**Dataset section:**
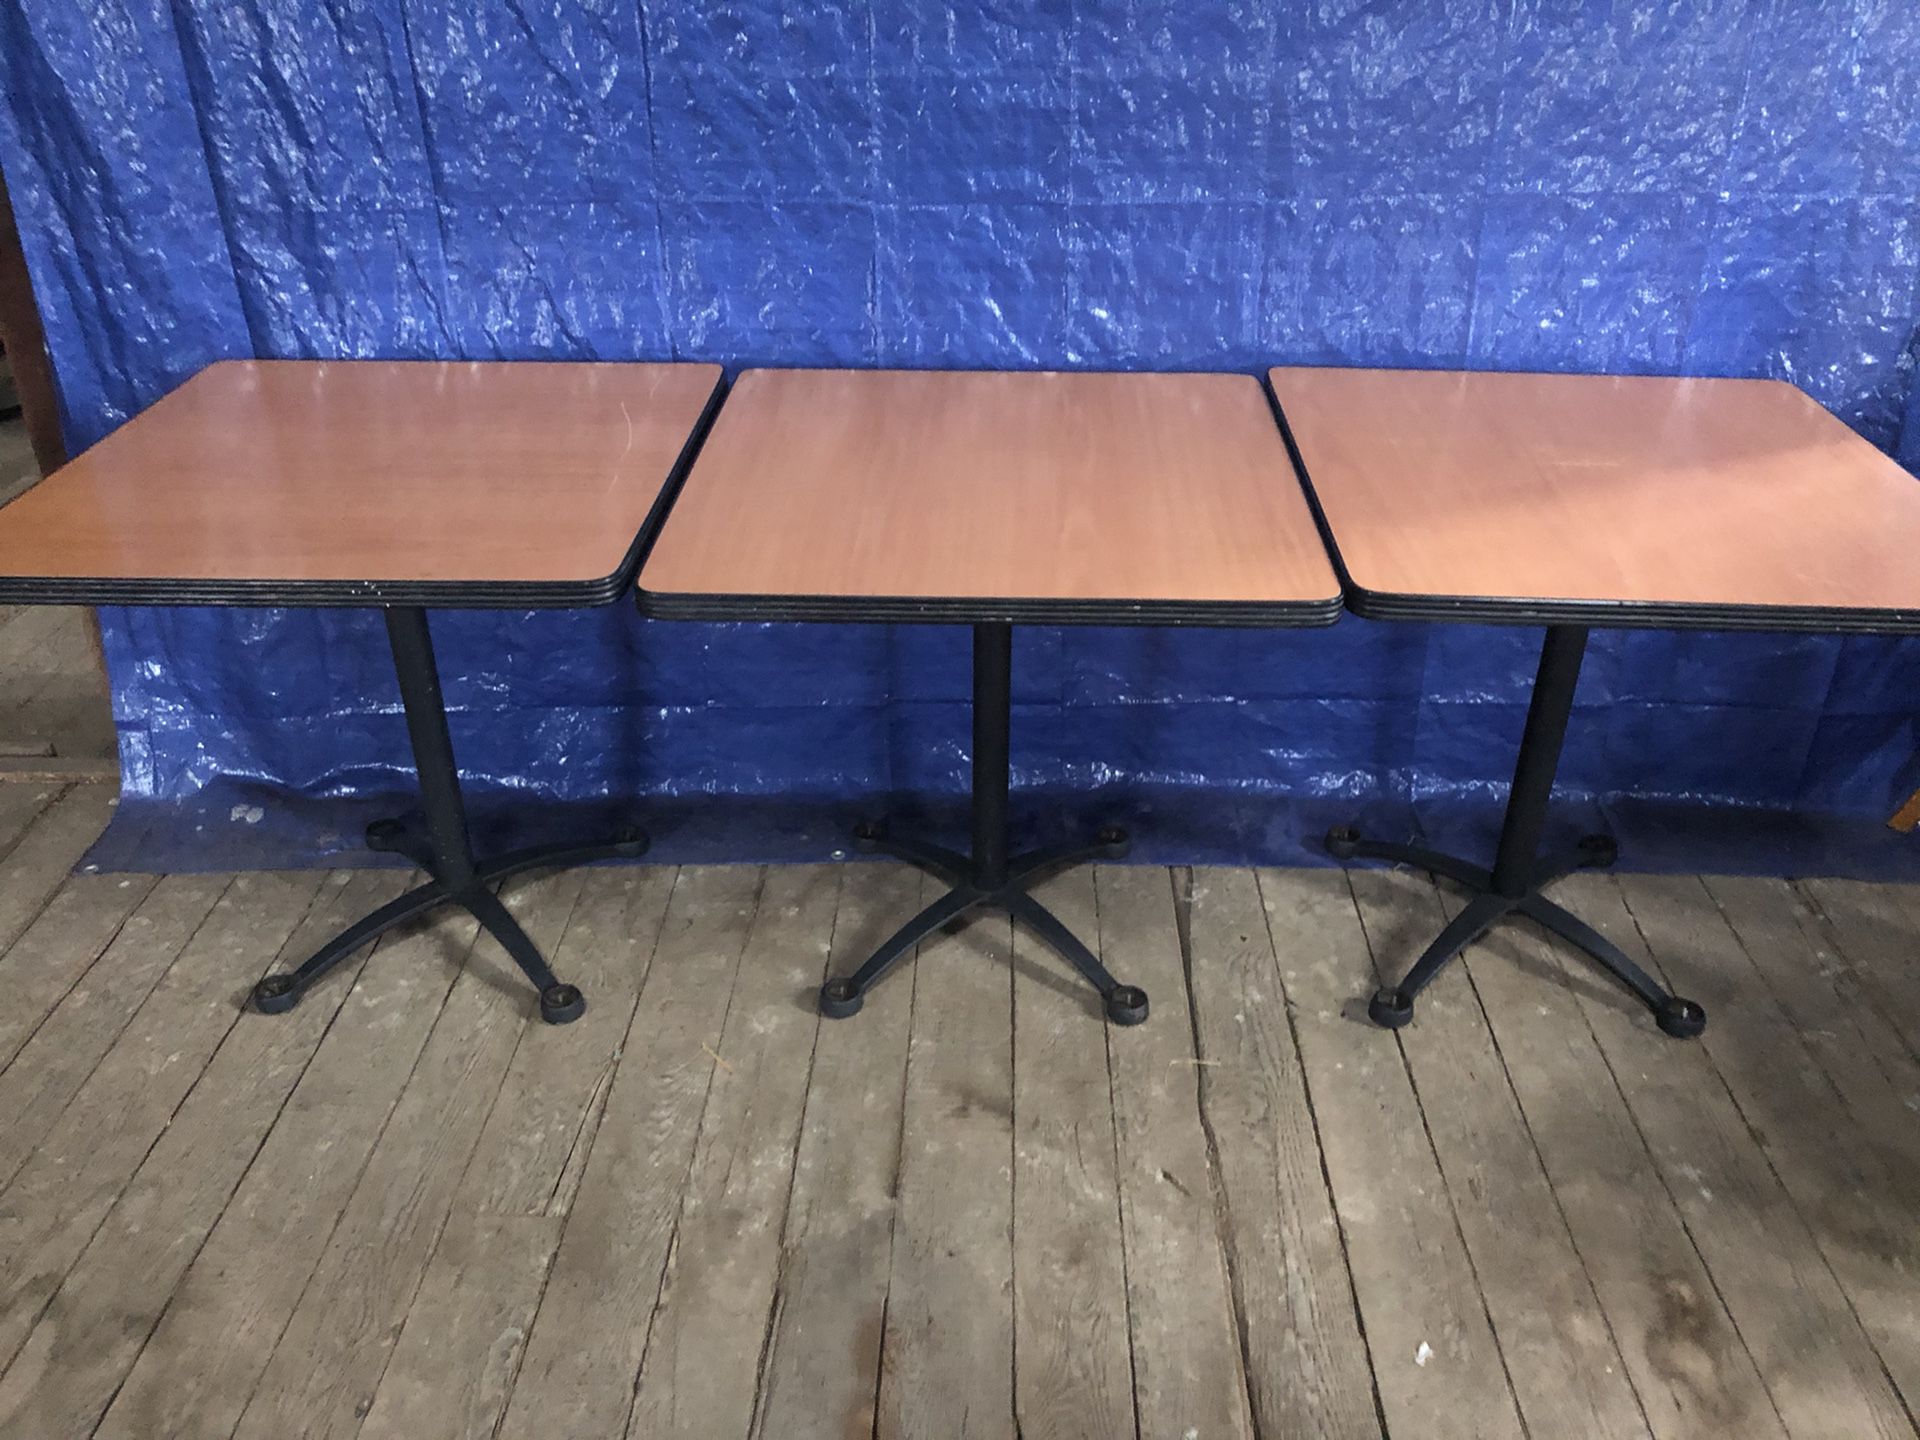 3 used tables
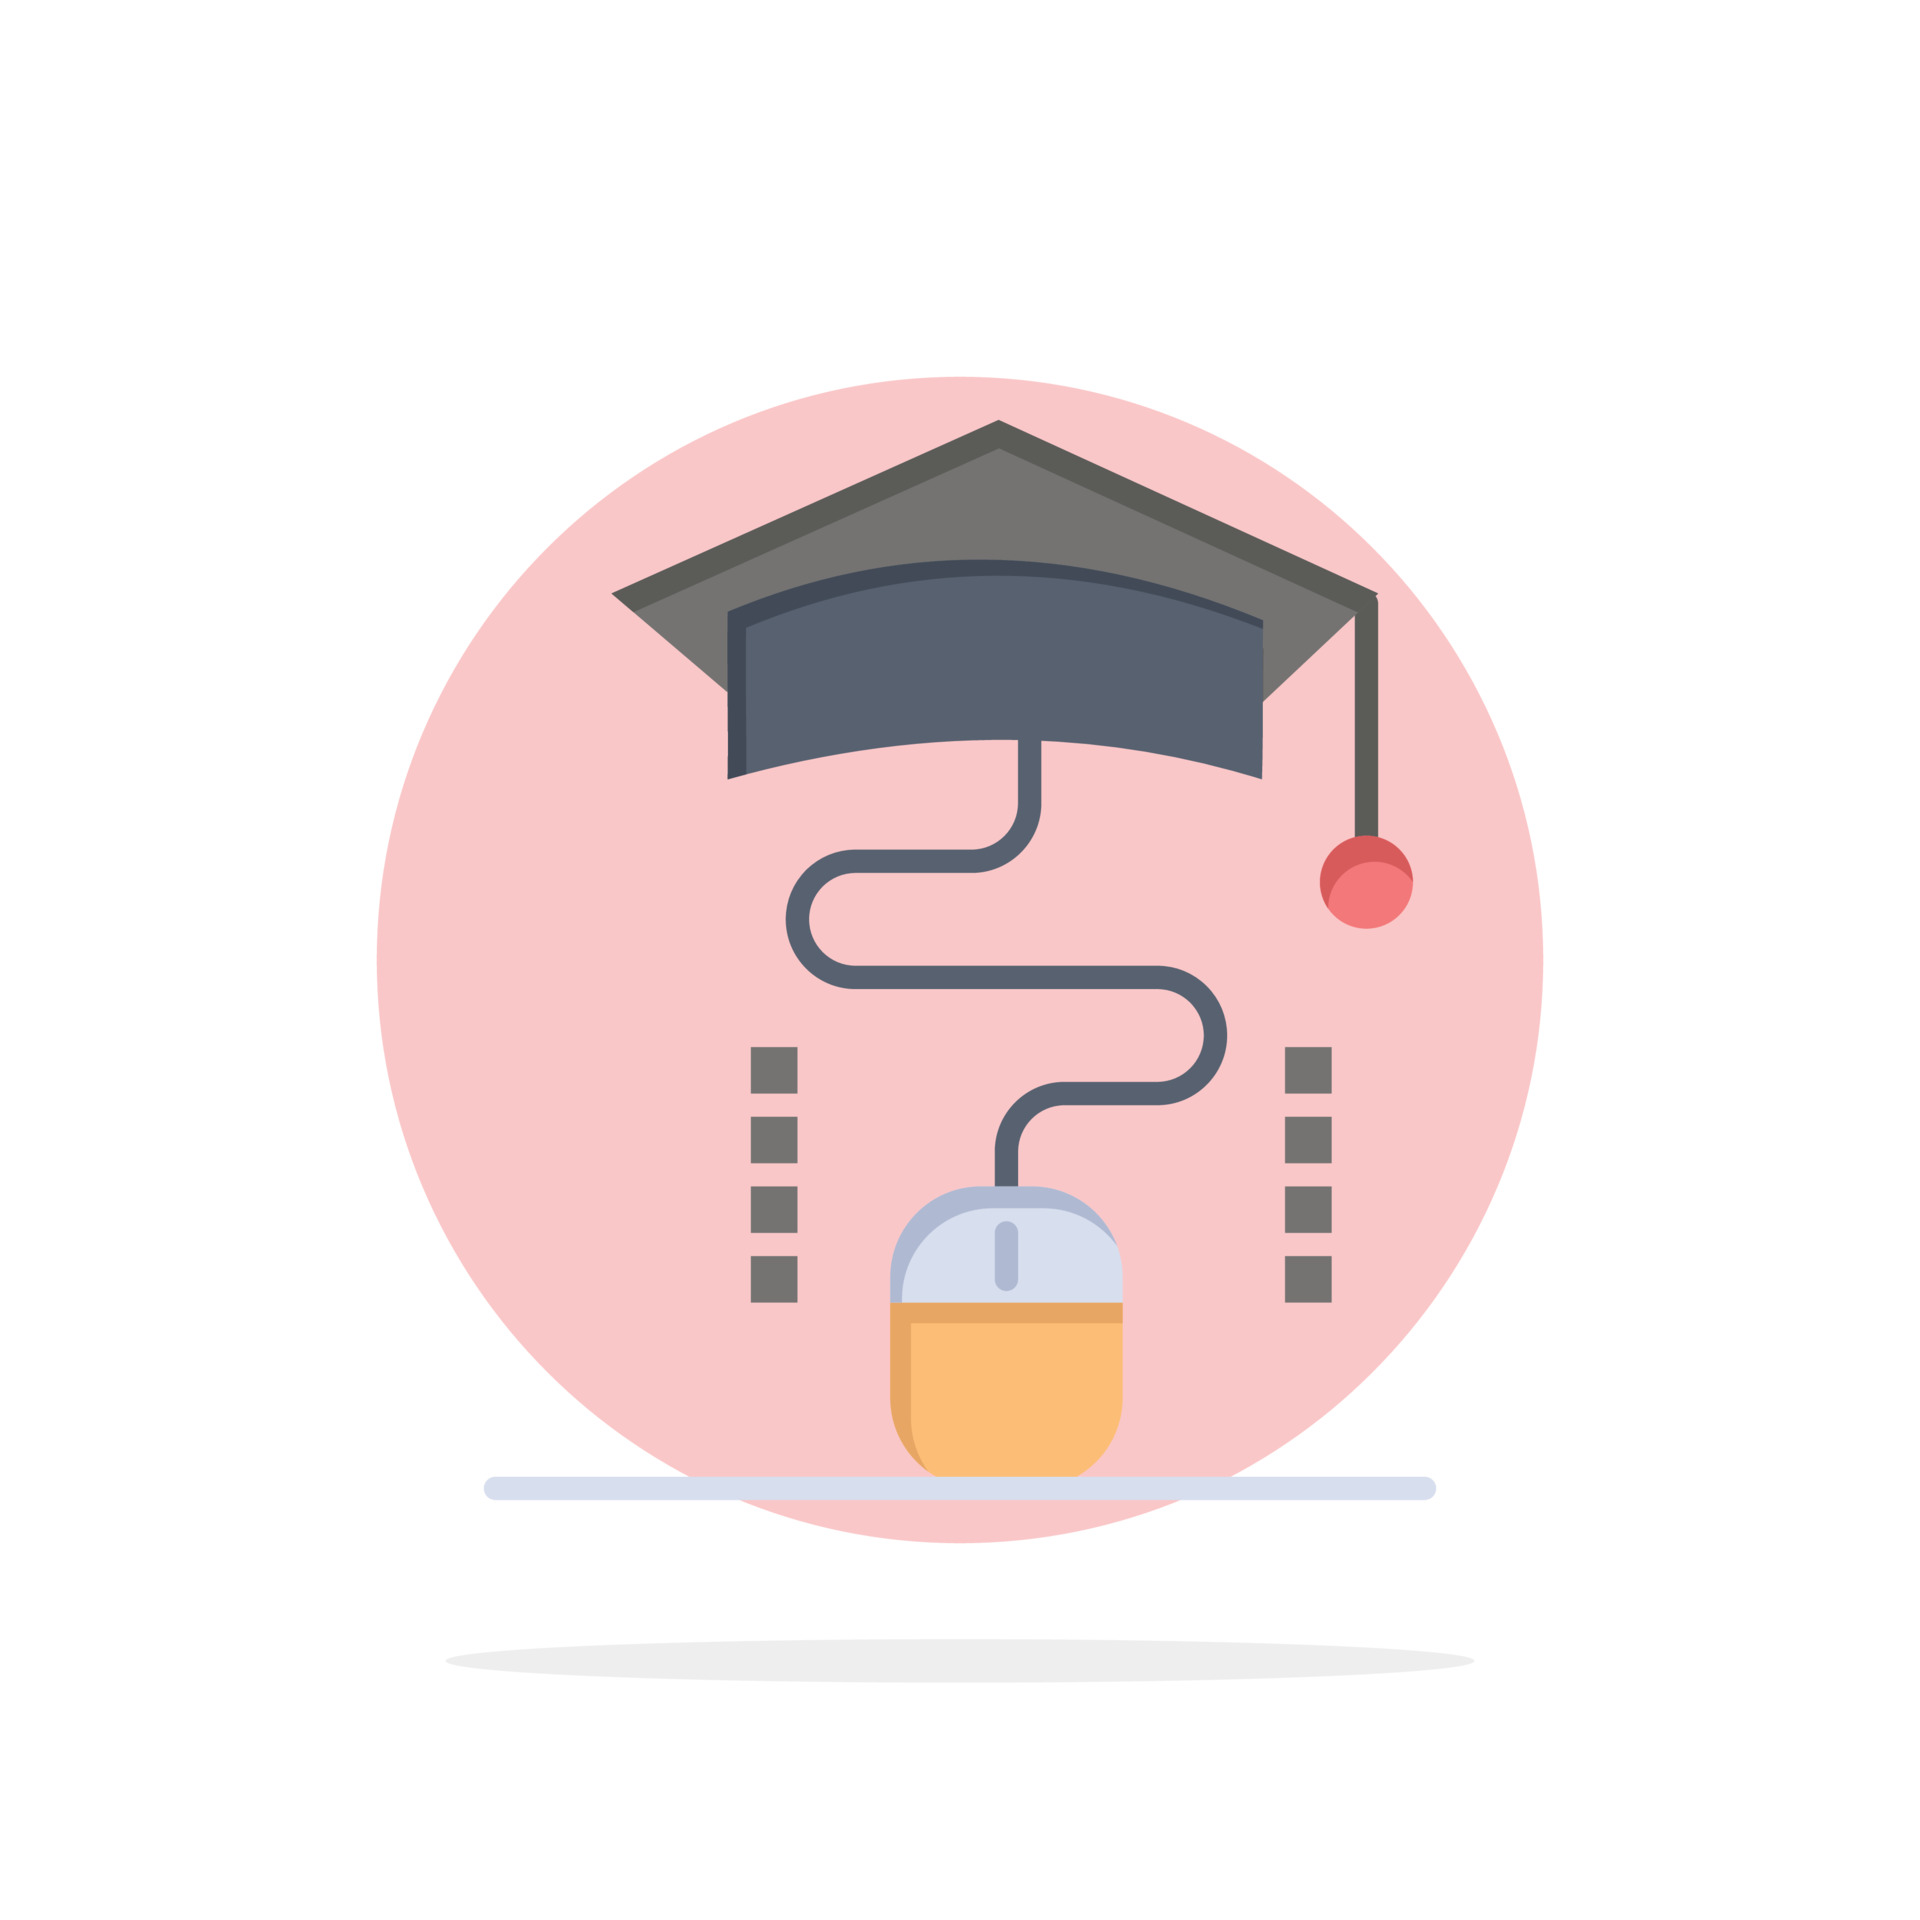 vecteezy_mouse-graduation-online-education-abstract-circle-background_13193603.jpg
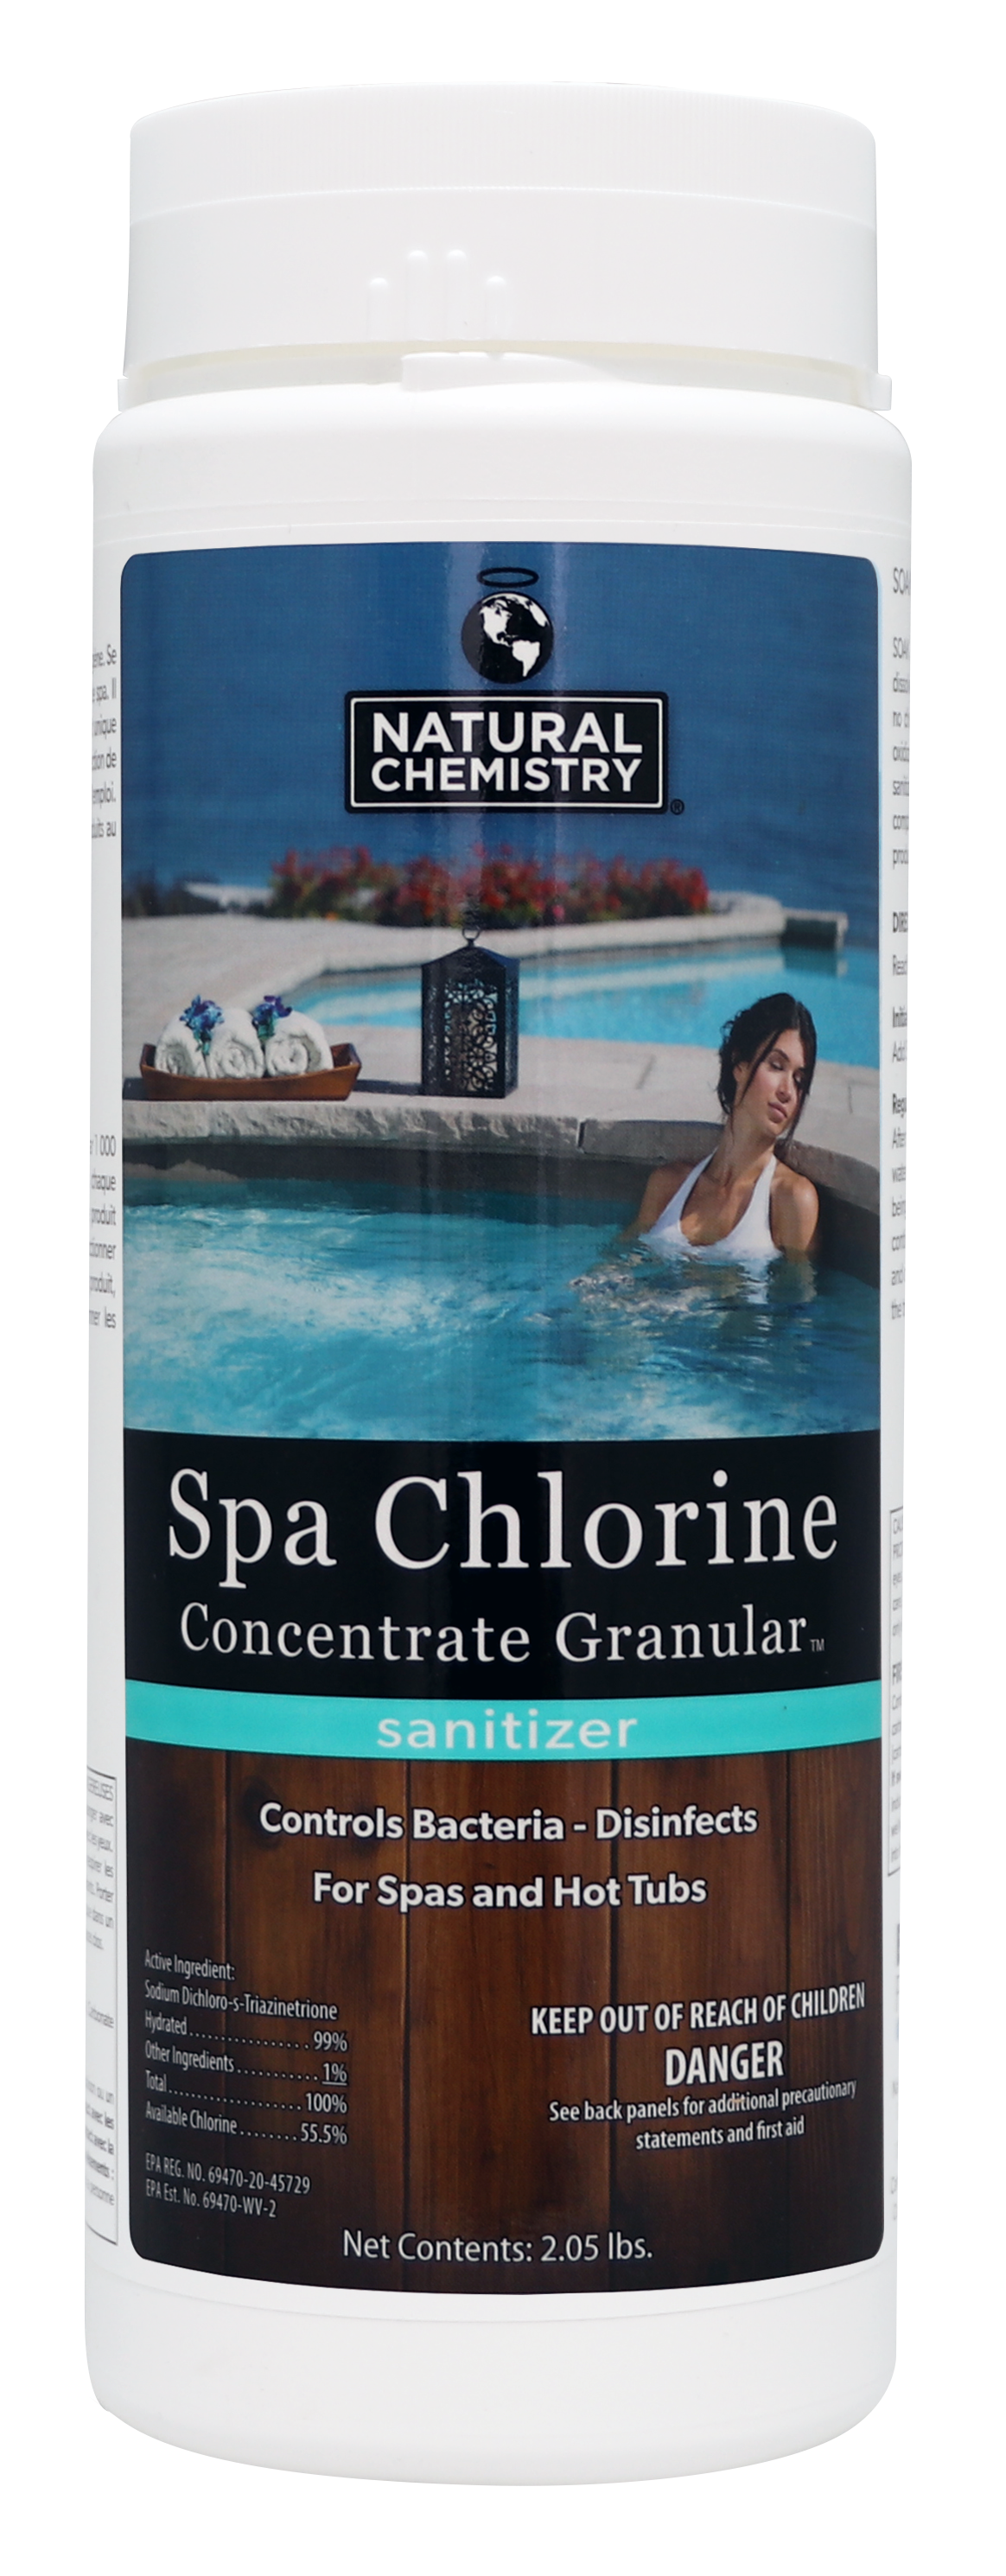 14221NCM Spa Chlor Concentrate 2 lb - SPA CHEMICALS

**Activity:** Copy the data in full. No pictures belong in the copy.

**Expected answer:**
 3 used tables
 vecteezy_mouse-graduation-online-education-abstract-circle-background_13193603.jpg
 14221NCM Spa Chlor Concentrate 2 lb - SPA CHEMICALS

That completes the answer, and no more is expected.